Grupo Clarín S.A.
- Type: Public
- Traded as: BCBA: GCLA LSE: GCLA
- Industry: Mass media
- Founded: 1 December 1999; 26 years ago
- Headquarters: Buenos Aires, Argentina
- Area served: Worldwide
- Key people: Héctor Magnetto (CEO); Jorge Rendo (chairman); José Antonio Aranda (vice chairman);
- Products: Newspapers Newsprint Cable television Radio broadcasting Internet service
- Brands: List Clarín; Carburando; Olé; Radio Mitre; TN; El Trece (Internacional); TyC Sports; ;
- Revenue: US$ 2.2 billion (2011)
- Net income: US$ 278 million (2011)
- Total assets: US$ 2.4 billion (2011)
- Number of employees: 7,000
- Subsidiaries: Papel Prensa; Pol-ka; Telecom Argentina;
- Website: grupoclarin.com

= Clarín Group =

Argentine media conglomerate

Grupo Clarín S.A. is an Argentine media conglomerate headquartered in Buenos Aires.

==Overview==
Established as such in 1999, it includes the Clarín newspaper (the most-widely circulated in Latin America), Papel Prensa (the nation's principal newsprint manufacturer), Cablevisión cable television, the Artear media company, and numerous other media outlets.
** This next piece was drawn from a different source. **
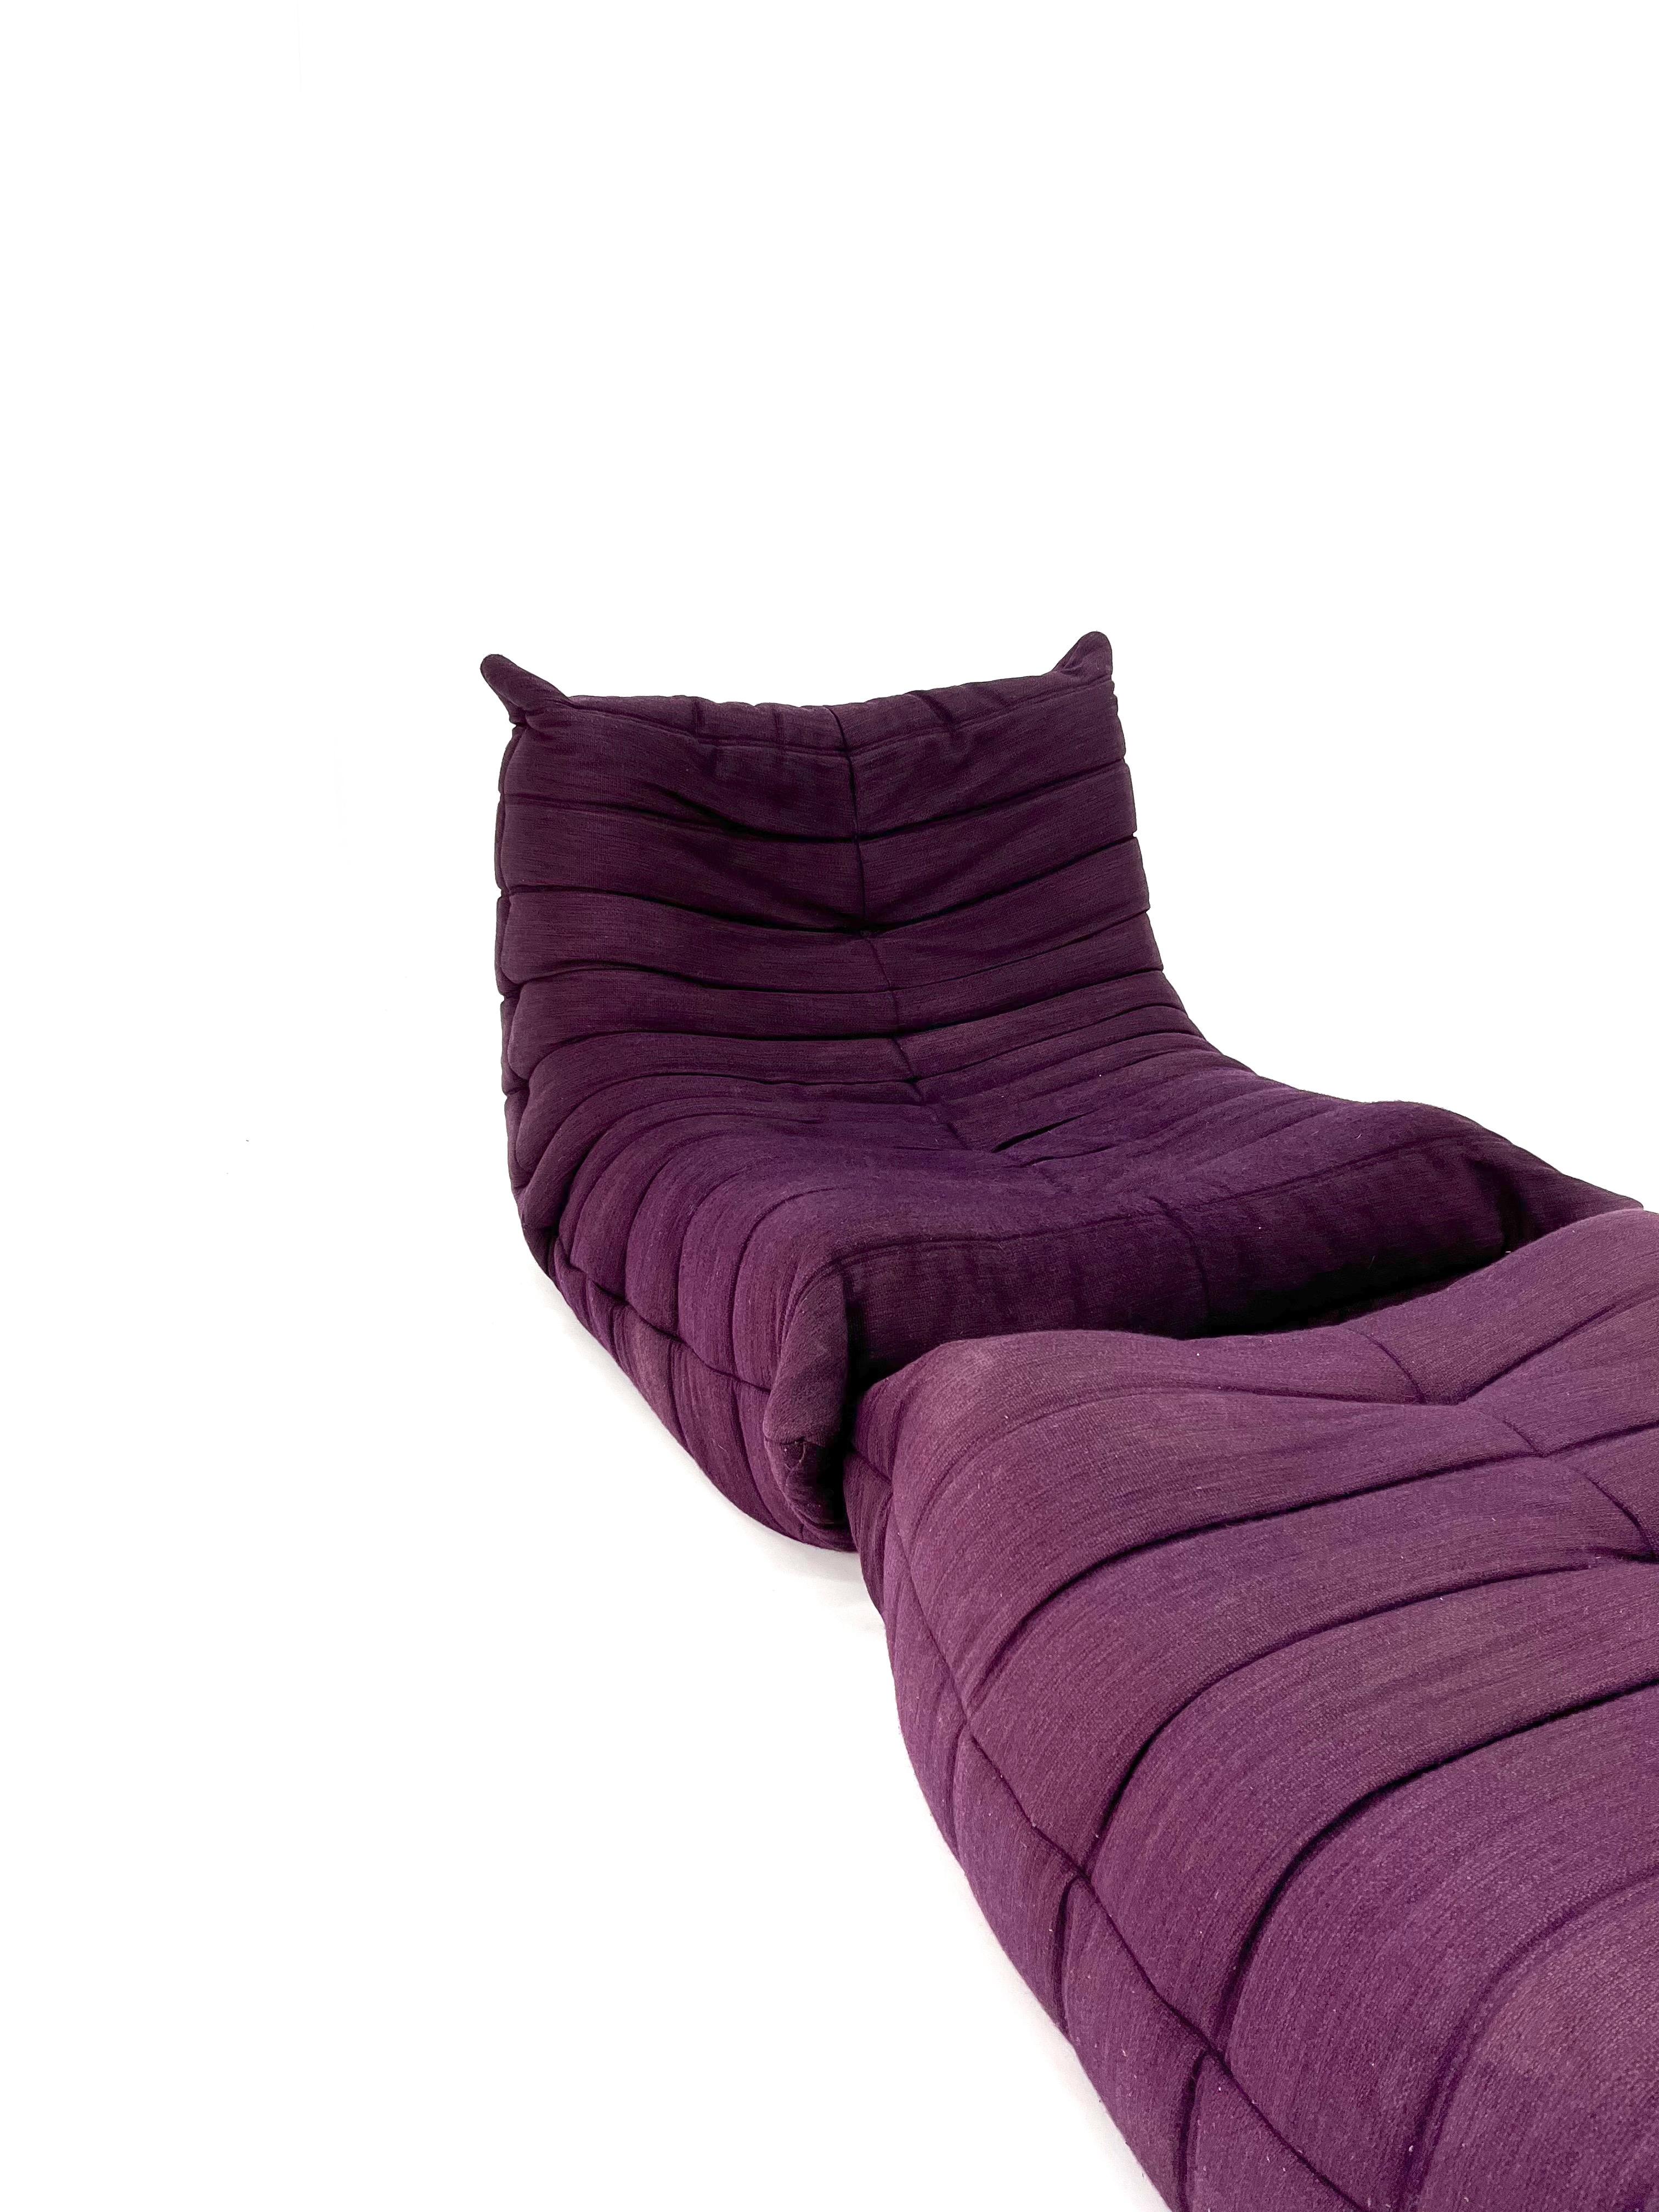 Togo Chair and Ottoman in Purple by Michel Ducaroy for Ligne Roset For Sale 4
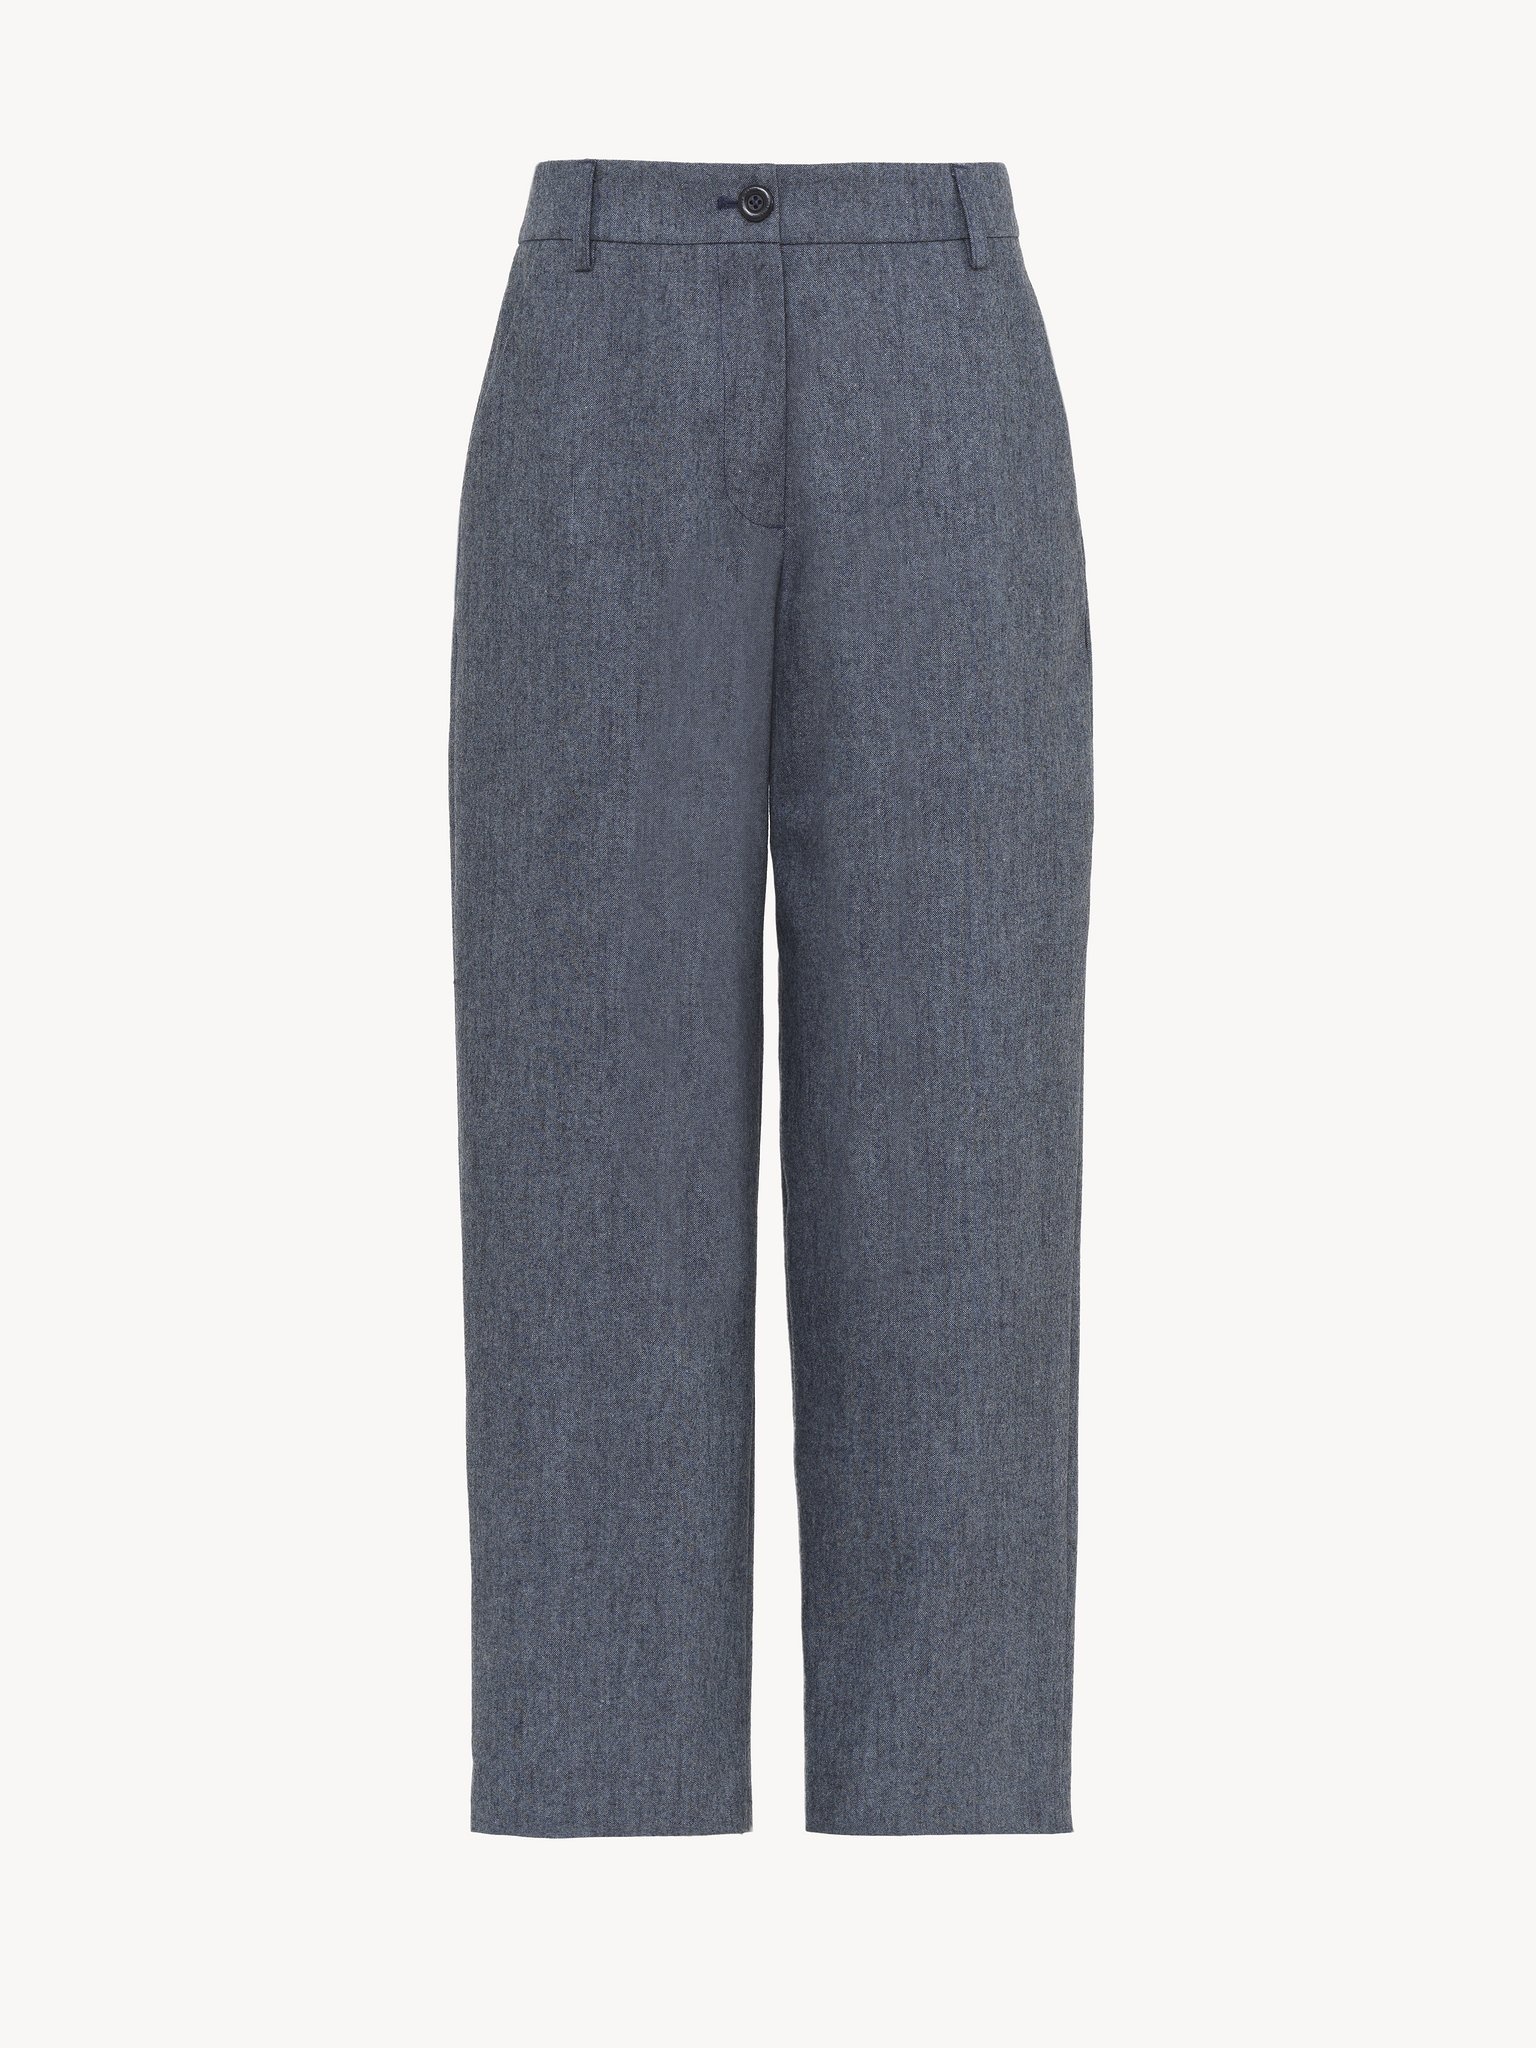 TAPERED PANTS - 4

Rooted in the successful 1945 launch of the centrist daily, Clarín, by the late Roberto Noble, the group is active within the publishing, newspaper, television, radio, and telecommunications industries. Its largest shareholder was Ernestina Herrera de Noble. Other major shareholders include Héctor Magnetto, José Antonio Aranda, Lucio Rafael Pagliaro, and the investment bank Goldman Sachs. Magnetto is the president and CEO of the media group, while Ernestina Herrera de Noble directs the flagship Clarín newspaper.

Having become the largest newspaper distributor in the Spanish-speaking world by 1980 (when its revenues topped US$900 million), the group diversified itself significantly in 1990, when it entered into the television sector with the acquisition of Channel 13, and into radio with the purchase of Radio Mitre. Following the expansion into cable television in 1992 (Multicanal), Todo Noticias, the group's cable news channel, was established in 1993 and remains one of the most influential in its sector. The conglomerate also controls Patagonik Film Group and numerous regional newspapers (notably Los Andes of Mendoza and La Voz del Interior of Córdoba).

Grupo Clarín was listed on the Buenos Aires and London Stock Exchanges in 2007, upon which a 20% share in the group was made available to stockholders (leaving 9% for Goldman Sachs, and 71% for its private shareholders). The group's revenues in 2011 were accounted for mainly by its cable television units (principally Cablevisión and Multicanal), which accounted for 46% of sales, and by advertising revenues (22%). Internet service provider Prima S.A. yielded 14% of total revenues, and the Group's numerous publishing interests netted 9% of the total; and rights to broadcasting, programming and digital content accounted for most of the remainder.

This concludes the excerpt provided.